* [Exercise]:
From the line with "Colombia implementó nuevas" down to the final line of the material, please transcribe everything exactly, but leave the pictures out.

[[ Source data, beginning ]]

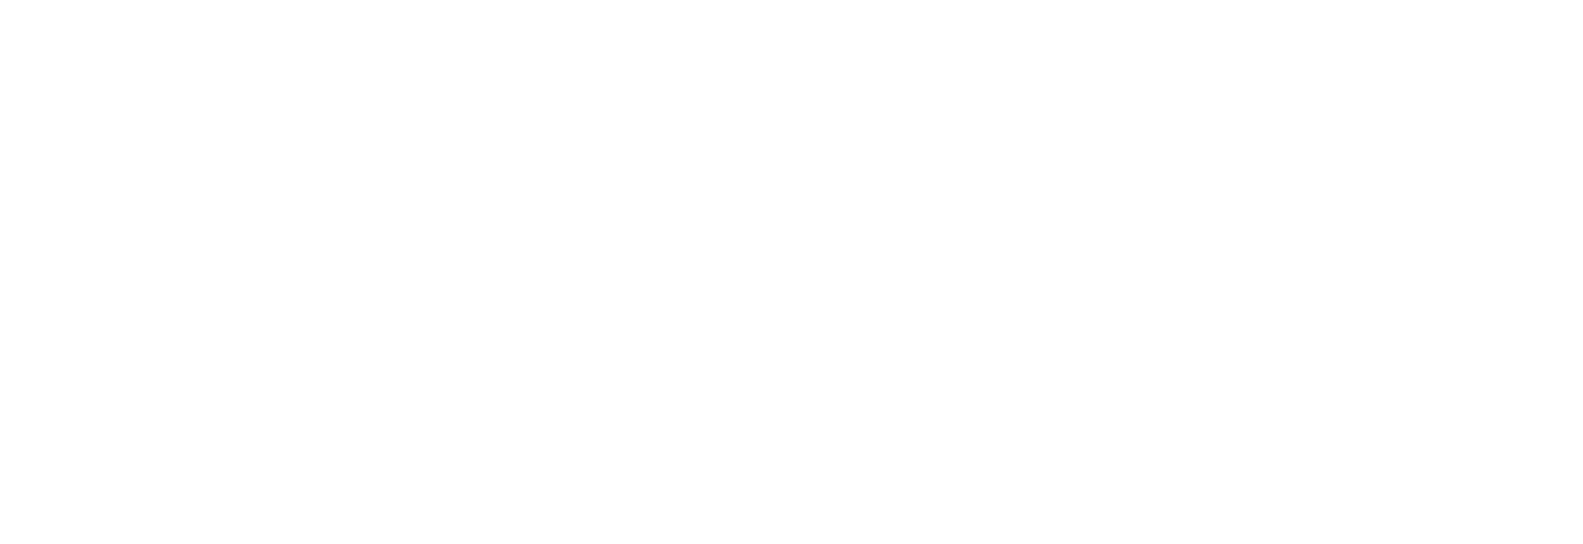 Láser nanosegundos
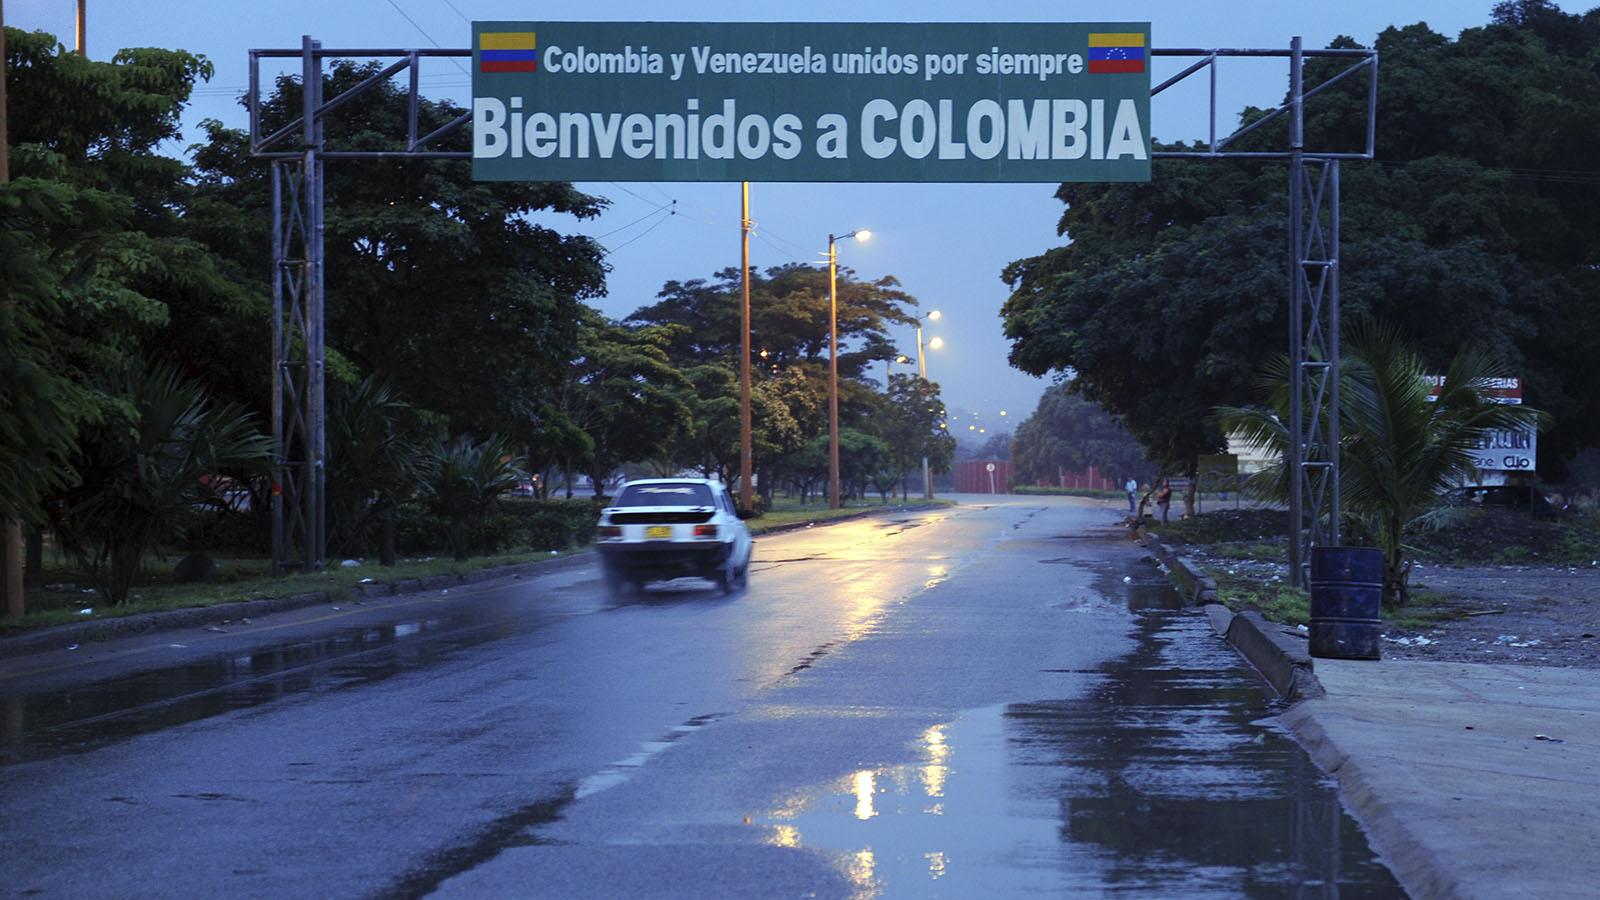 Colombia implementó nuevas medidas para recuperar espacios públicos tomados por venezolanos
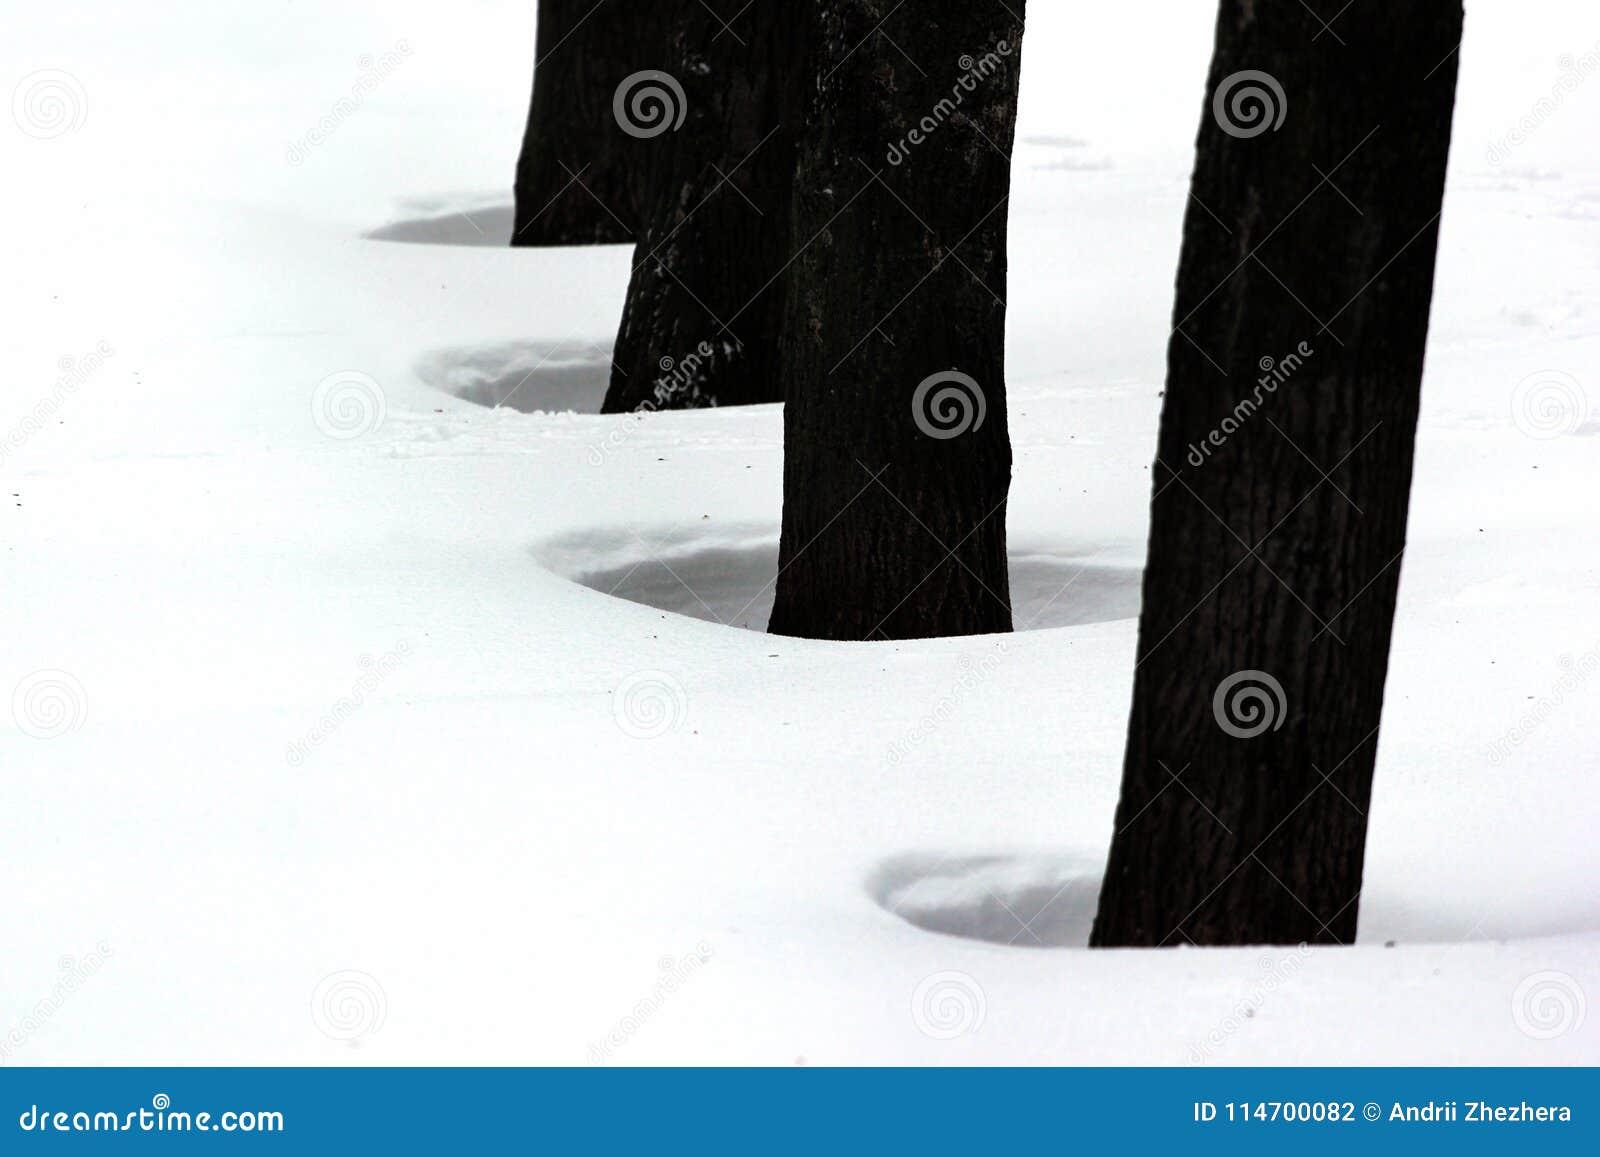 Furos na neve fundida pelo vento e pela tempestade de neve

[[ Source data, end ]]

* [Answer box]:
 Colombia implementó nuevas medidas para recuperar espacios públicos tomados por venezolanos
 Furos na neve fundida pelo vento e pela tempestade de neve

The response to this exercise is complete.